Women's football is not as popular in Brazil as men's football, although it has increased in popularity since the 2000s.

History
Due to strong and continuing social stigma, Brazilian society only minimally supports women's football. There is a sexist belief in the country that football is not a sport for women. It was illegal for women to play football in Brazil from 1941 to 1979. Until recently, the country lacked a national women's league, organizing only state competitions because there was limited financial interest and support for the women's game. The Copa do Brasil de Futebol Feminino was first played in 2007. In 2013, a nationwide league, the Campeonato Brasileiro de Futebol Feminino Série A1, was officially started and became the country's premier women's domestic competition, helping to increase the quality of Brazilian women's football. Despite all issues, Brazilian clubs have won most editions of the Copa Libertadores Femenina (11).

Women's football in Brazil only recently became more popular. During the 20th century, women were discouraged from playing "masculine" sports such as football and told they should focus more on aesthetic sports such as gymnastics. The health experts in Brazil at the time even claimed that females playing these sports were at risk of becoming homosexual. At a very young age, young boys were taught to be strong while girls were taught how to become better mothers. Women were often bullied for playing football and forced to leave fields in order to make more time for men to play. Despite the social challenges, women still continued to play football as officials worried about the masculinization of the female body and how detrimental that would be to their society. These fears sparked President Getúlio Vargas to organize a national sports council to establish sports guidelines. The council proceeded to ban women from playing any aggressive sports such as football due to health precautions. Many female players resisted this ban; Primavera FC continued to play up until they ran out of funding and resources. This law was not strictly upheld as some women continued to play. In the 1970's women's football was gaining popularity across the world; this inspired several feminist protests in Brazil. Eventually the ban on women's football in Brazil was finally lifted in 1983 influenced by the Union of European Football Associations.

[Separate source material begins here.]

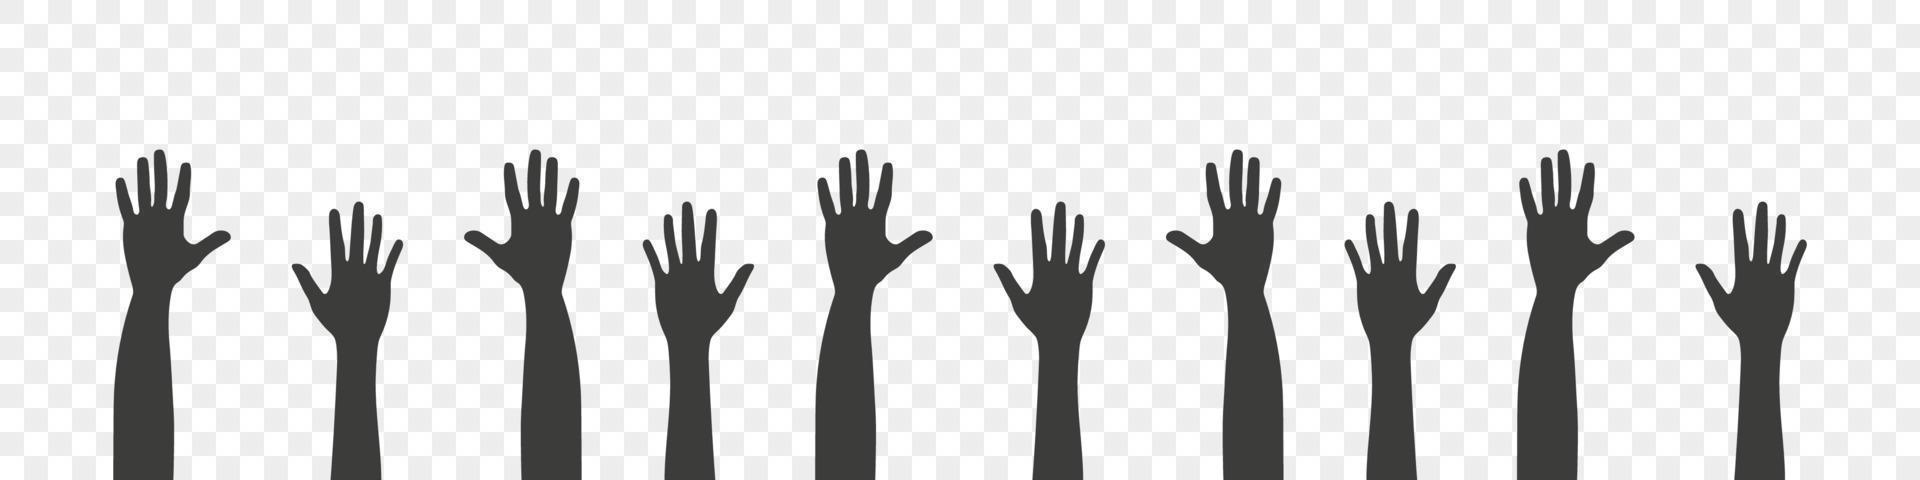 Uppfostrad händer. silhuetter av händer upp. lagarbete, samarbete, röstning, volontär konsert. vektor illustration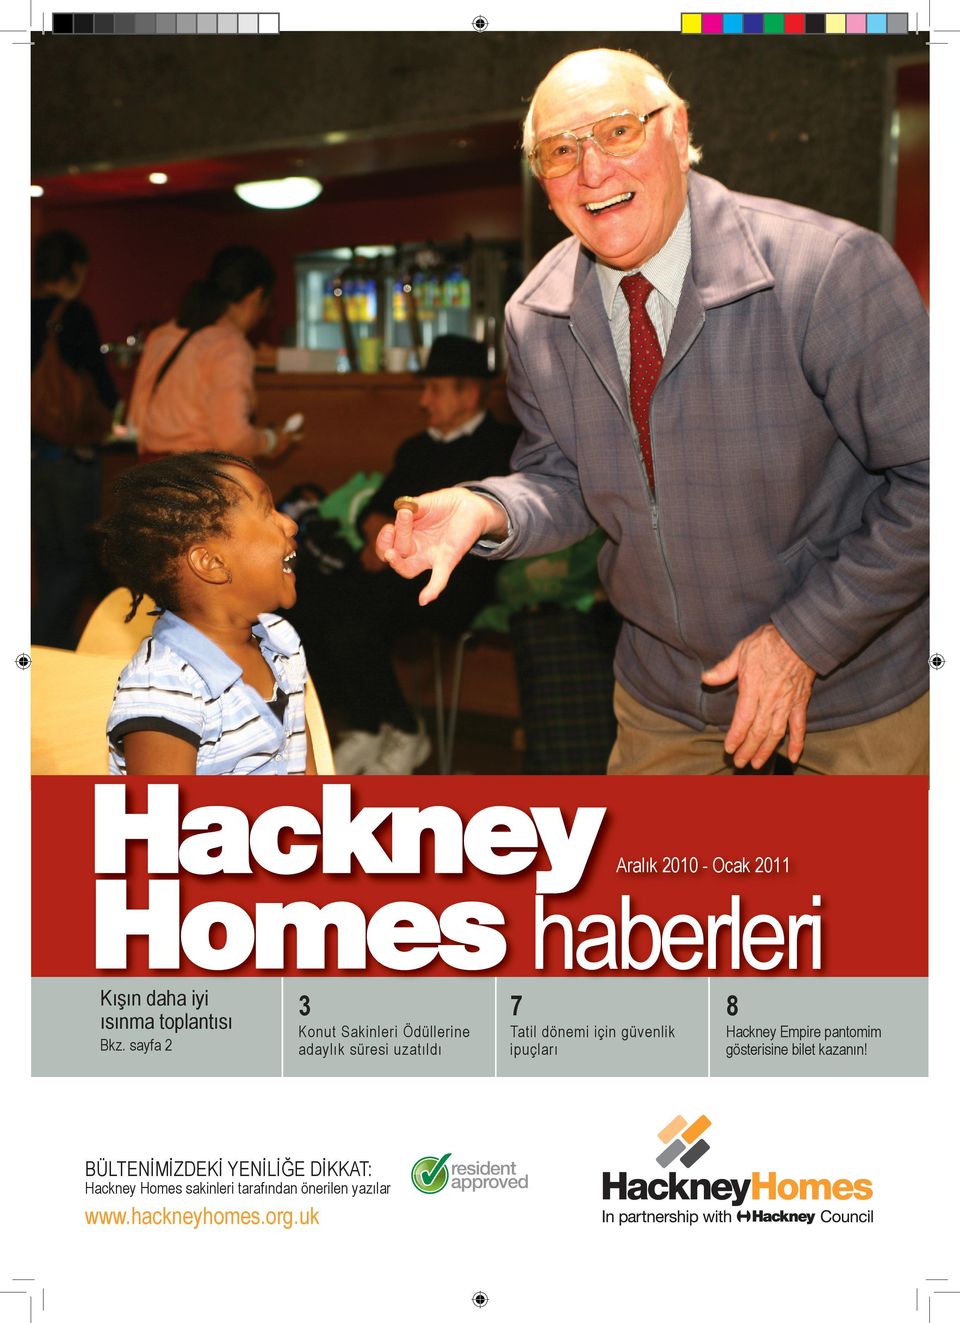 dönemi için güvenlik ipuçlarý BÜLTENÝMÝZDEKÝ YENÝLÝÐE DÝKKAT: Hackney Homes

The best players, such as Marta and Cristiane, were accidentally discovered and directly invited to play in the Brazil national team. In recent years, the national team contested World Cup finals and Olympics gold medals, increasing the popularity of TV broadcasts for those tournaments. However, this was not sufficient to stimulate the footballing culture among women who prefer to support men's football over women's. Brazil has developed a major rivalry with the United States women's national soccer team.

In 2014 FIFA World Cup held in their nation, Brazilian men's team had made a serious disappointment after only gaining fourth place. This created a huge support for the women's team with hopes that they could gain the title in the women's tournament of 2015 FIFA Women's World Cup, although Brazil failed to advance from the round of 16.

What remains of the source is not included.